— WHAT IS BEING ASKED —
Retype, exactly and with both ends included, the lines below from the one containing "Đổi mới hình" through the end; omit the pictures.

— GIVEN DATA —

Segment Open

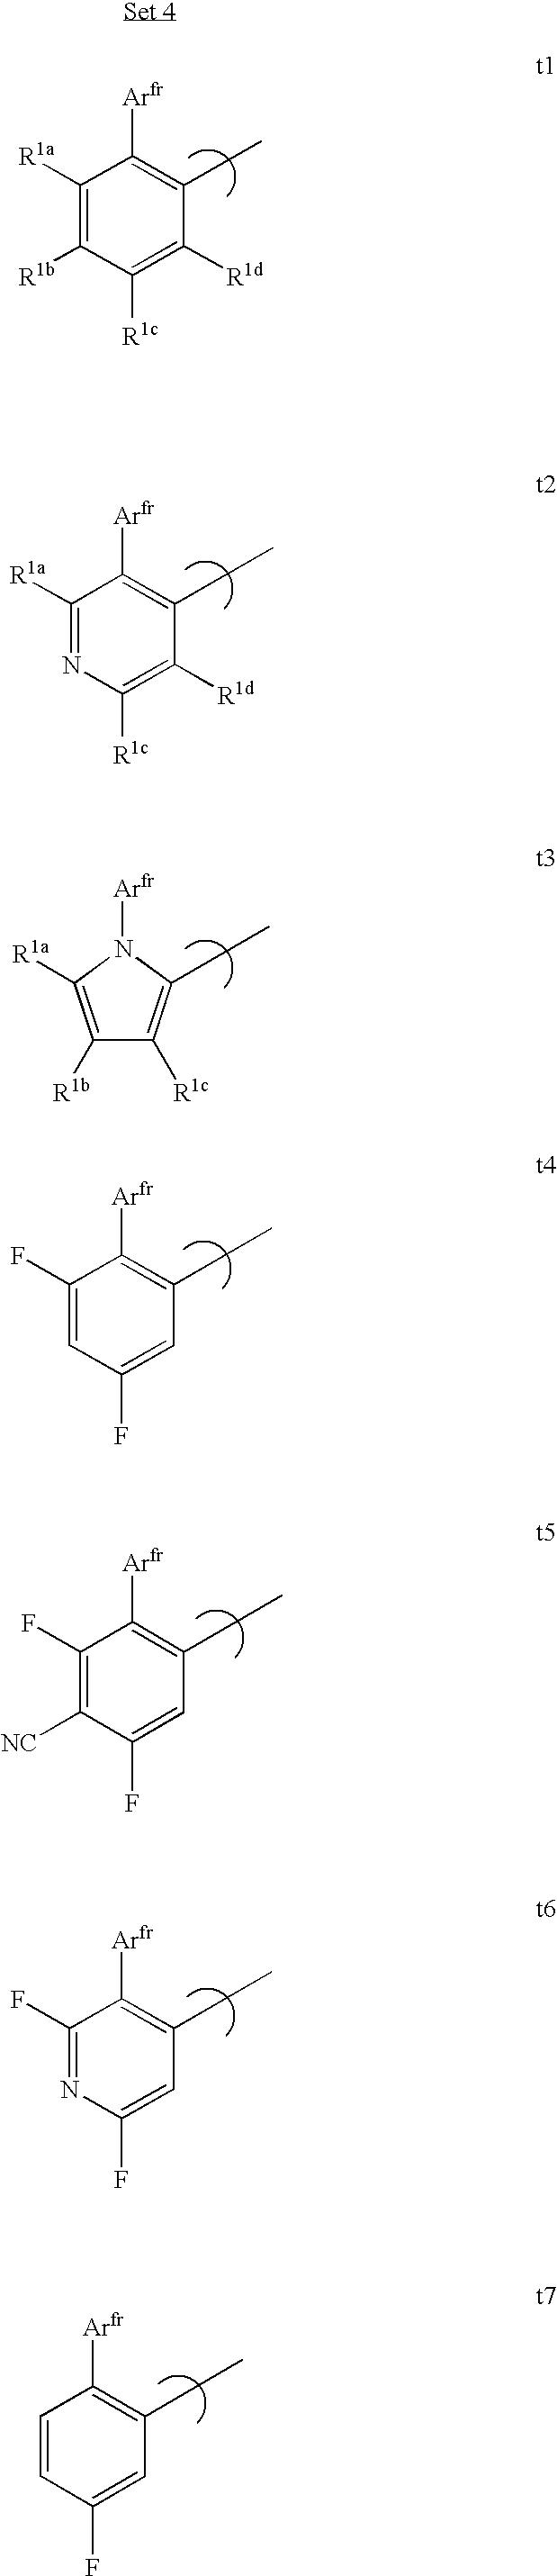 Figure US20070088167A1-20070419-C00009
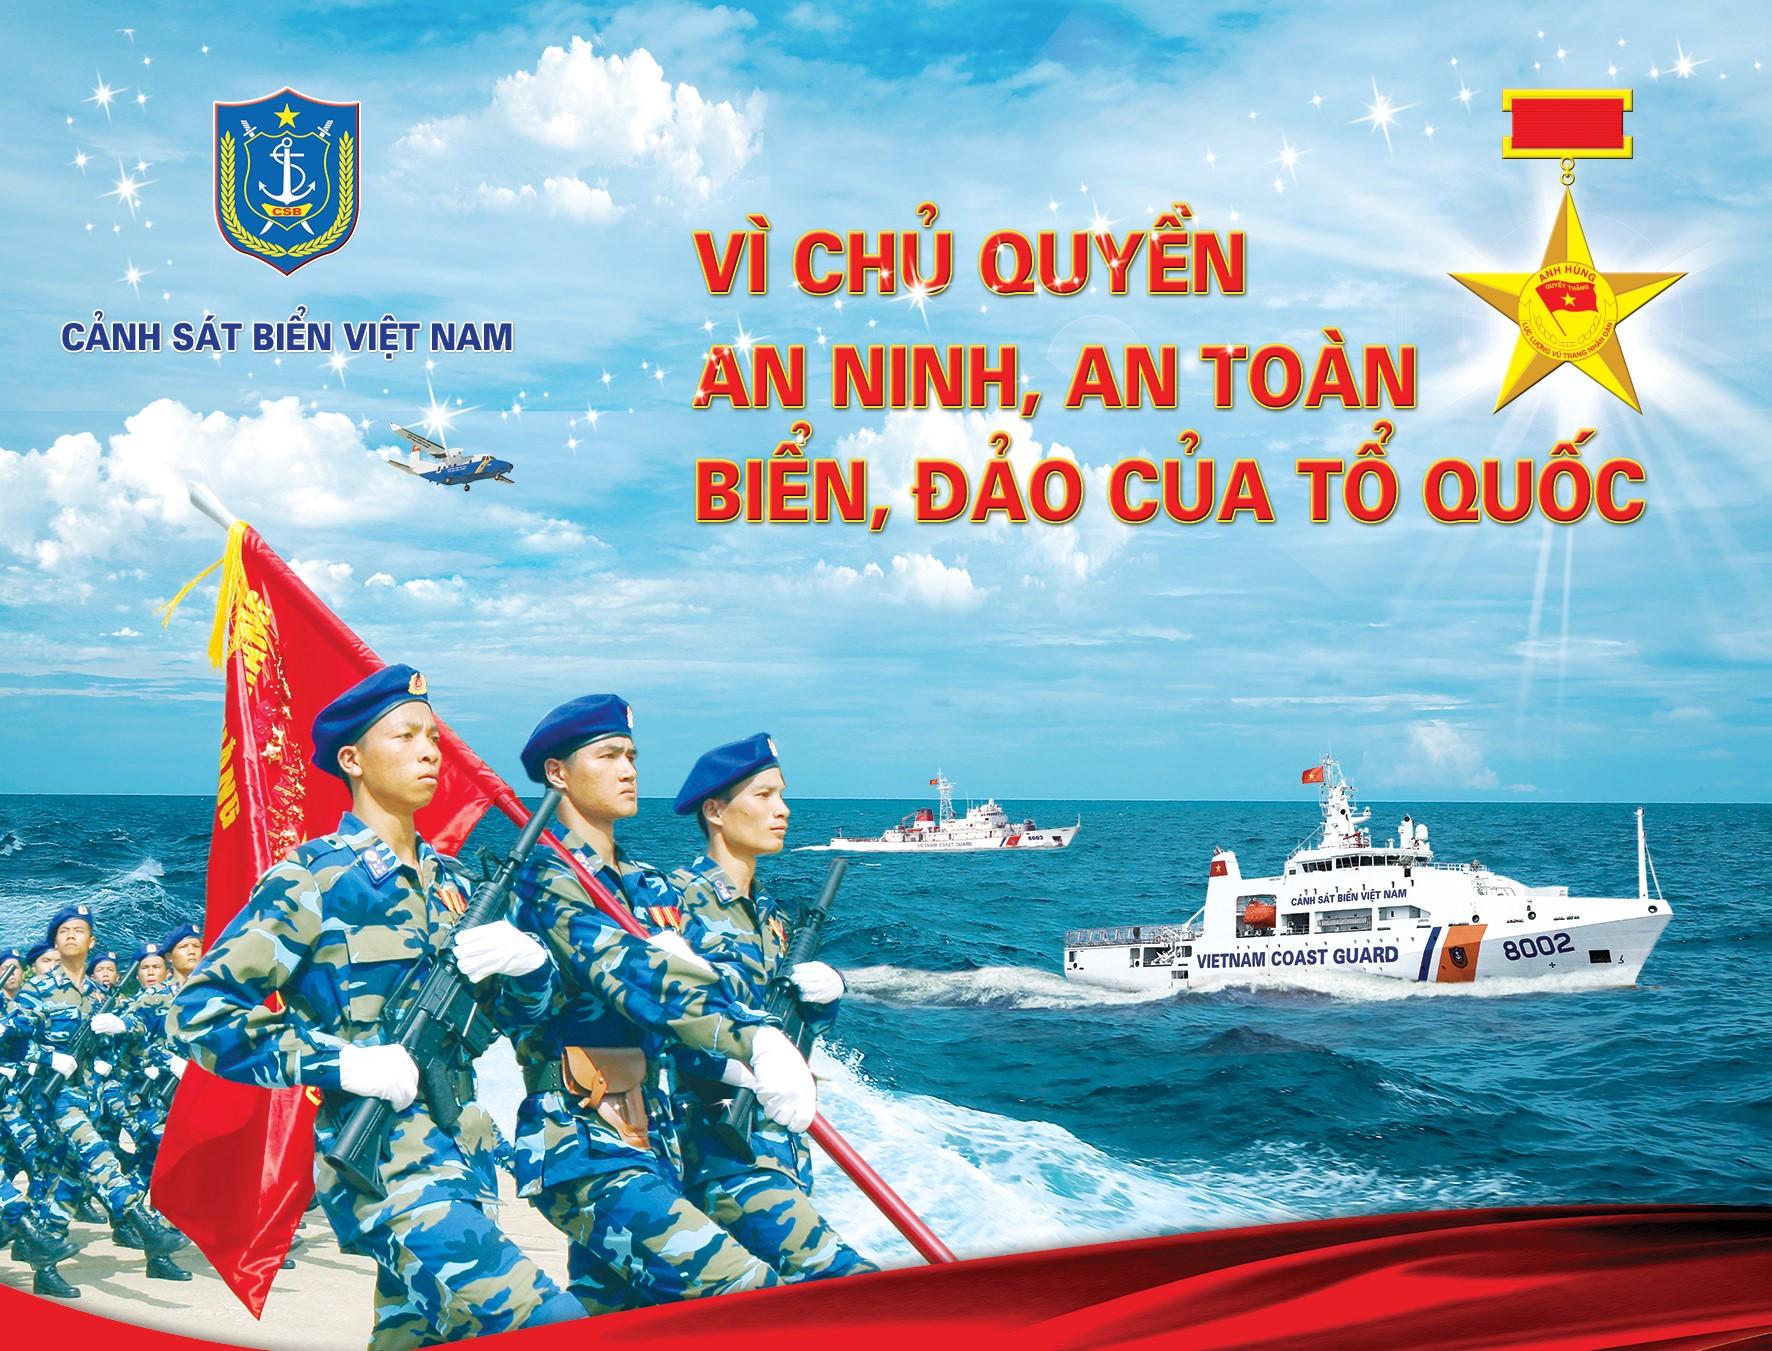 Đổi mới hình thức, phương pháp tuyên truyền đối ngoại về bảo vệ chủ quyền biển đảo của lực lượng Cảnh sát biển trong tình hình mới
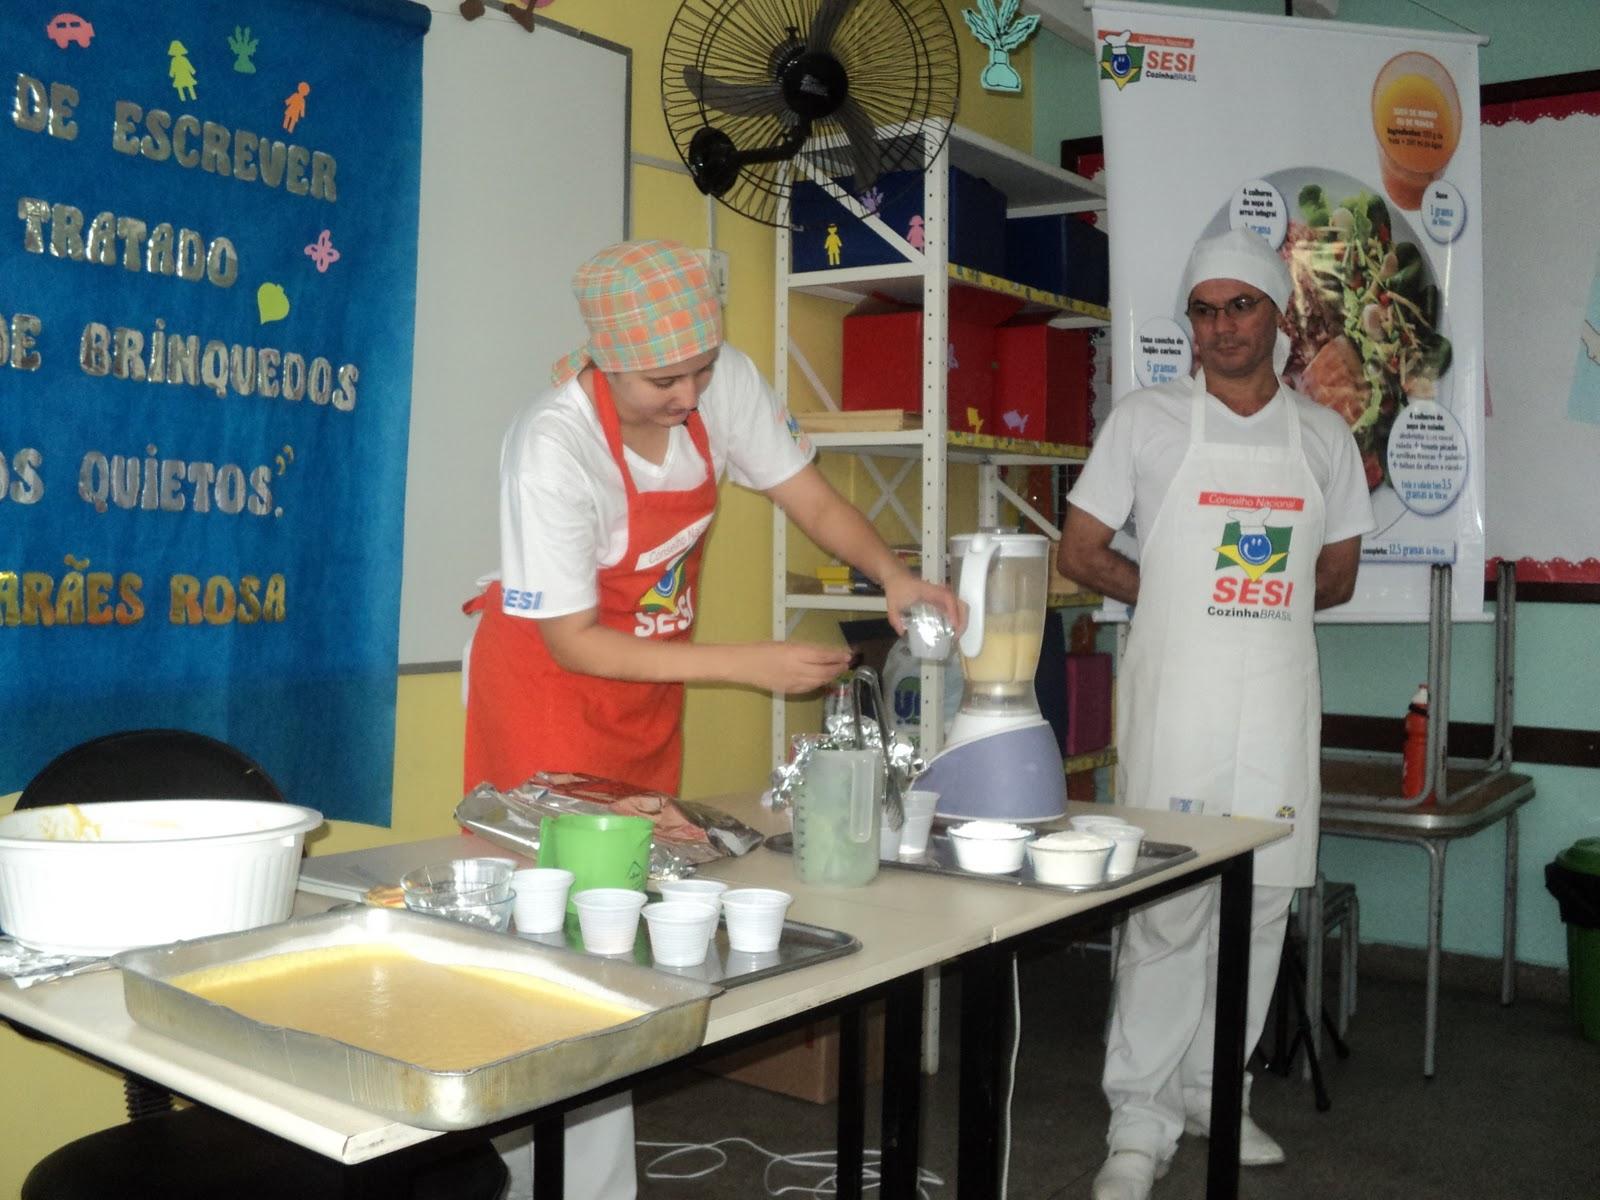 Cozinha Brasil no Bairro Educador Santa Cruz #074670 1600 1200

Segment Closed

— EXERCISE ANSWER —
 Đổi mới hình thức, phương pháp tuyên truyền đối ngoại về bảo vệ chủ quyền biển đảo của lực lượng Cảnh sát biển trong tình hình mới
 Cozinha Brasil no Bairro Educador Santa Cruz #074670 1600 1200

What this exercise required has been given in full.